The Biographer's Tale
- First edition
- Author: A. S. Byatt
- Language: English
- Publisher: Chatto & Windus
- Publication date: 1 November 2001
- Publication place: United Kingdom
- Media type: Print (Hardback & Paperback)
- Pages: 376 pp
- ISBN: 0-7540-1641-2
- OCLC: 47868714

= The Biographer's Tale =

A. S. Byatt novel

The Biographer's Tale is a book by A. S. Byatt. The story is about a postgraduate student, Phineas G. Nanson, who decides to write a biography about an obscure biographer, Scholes Destry-Scholes. During the course of his research he fails to learn much about the actual subject of his biography, but discovers a lot of Destry-Scholes' unpublished research about real historical figures Carl Linnaeus, Francis Galton and Henrik Ibsen. In the book, Byatt combines facts with fiction when recounting the lives of the three latter figures.

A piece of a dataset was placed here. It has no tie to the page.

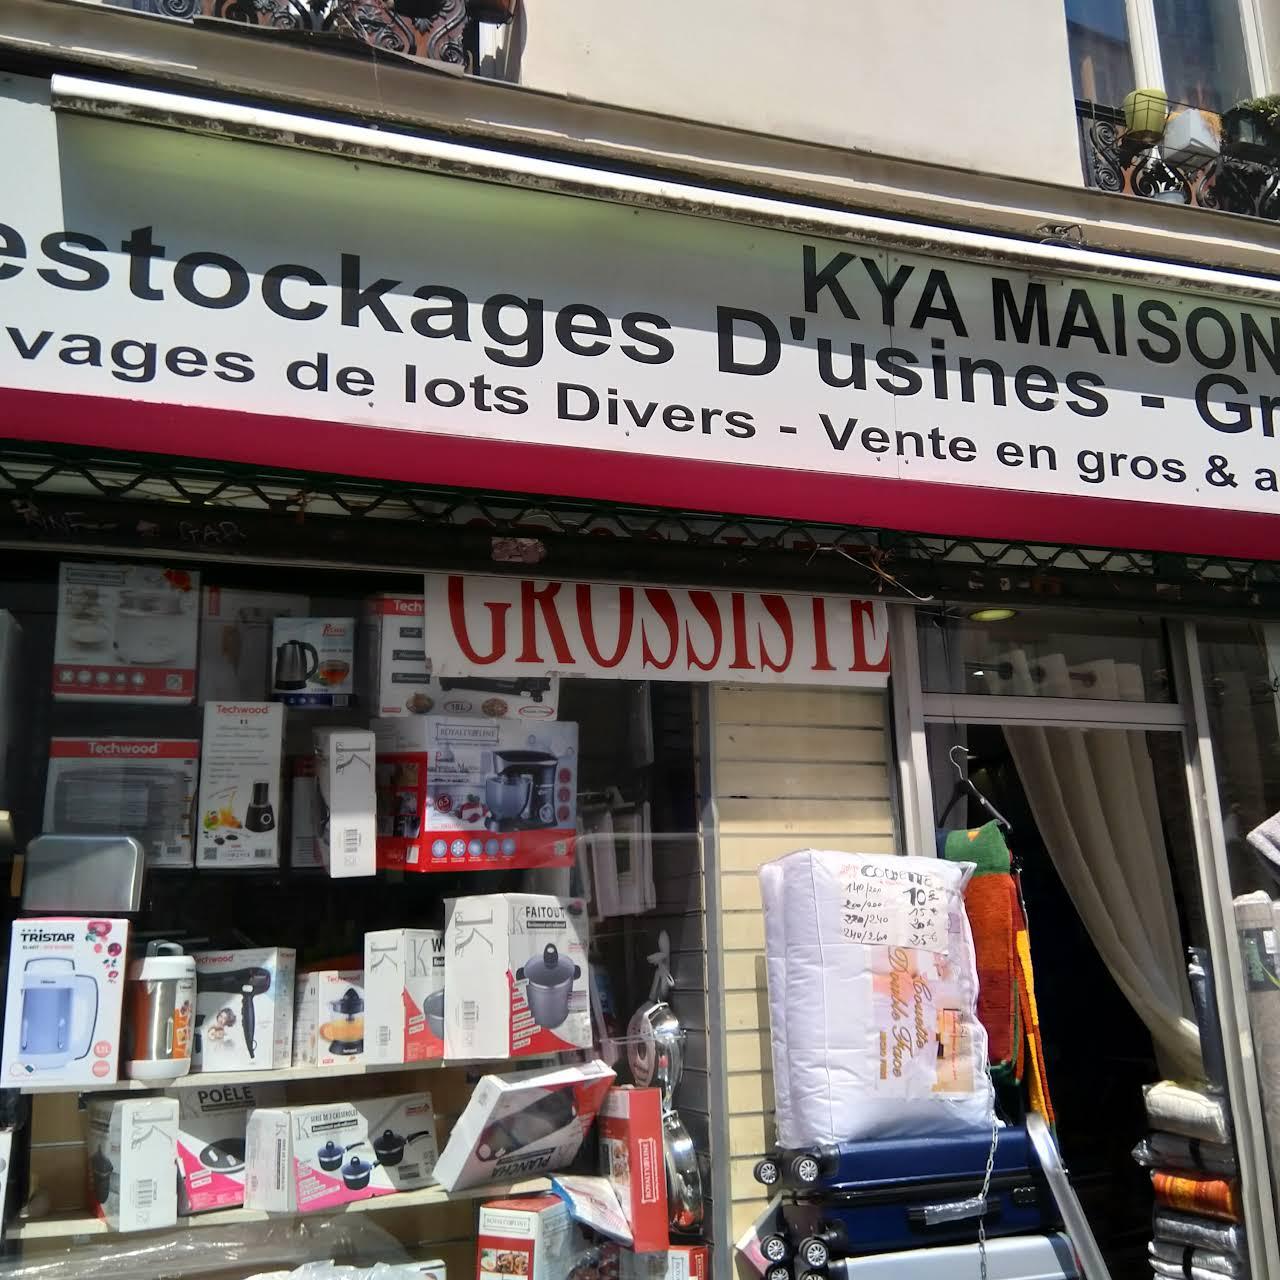 Aubervilliers Grossiste Linge De Maison kya maison - linge de maison paris 11 détail et grossiste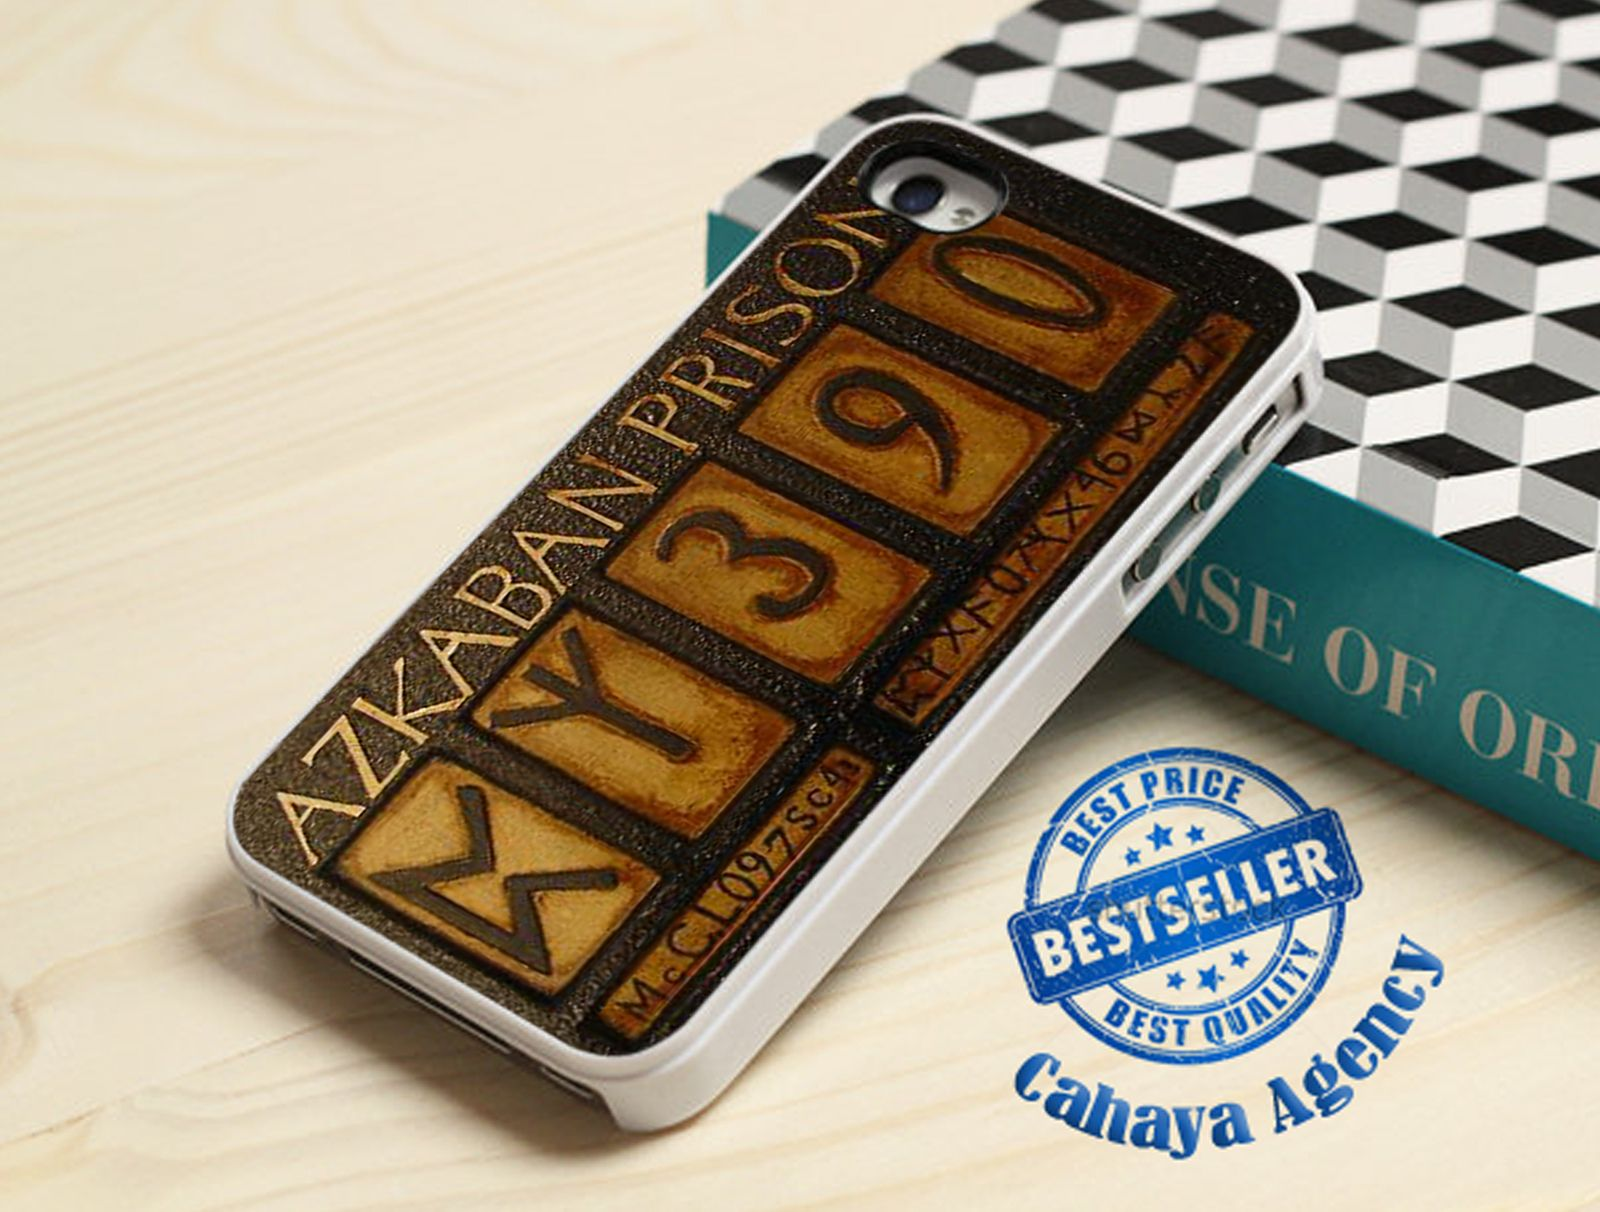 Harry Potter Azkaban iPhone 4,4s,5,5s,5c,6,6 plus,Samsung S3,S4,S5,iPod 4.5 Case

Byatt originally intended it as a short story titled "The Biography of a Biographer", based on her notion of a biographer's life in a library investigating another person's life. This she developed into writing about a character called Phineas G. Nanson and his search. Phineas Gilbert Nanson (to give him his full name) is called after an insect and is a near anagram of Galton, Ibsen and Linnaeus, though Byatt said this was an "uncanny" coincidence which she did not realise until afterwards.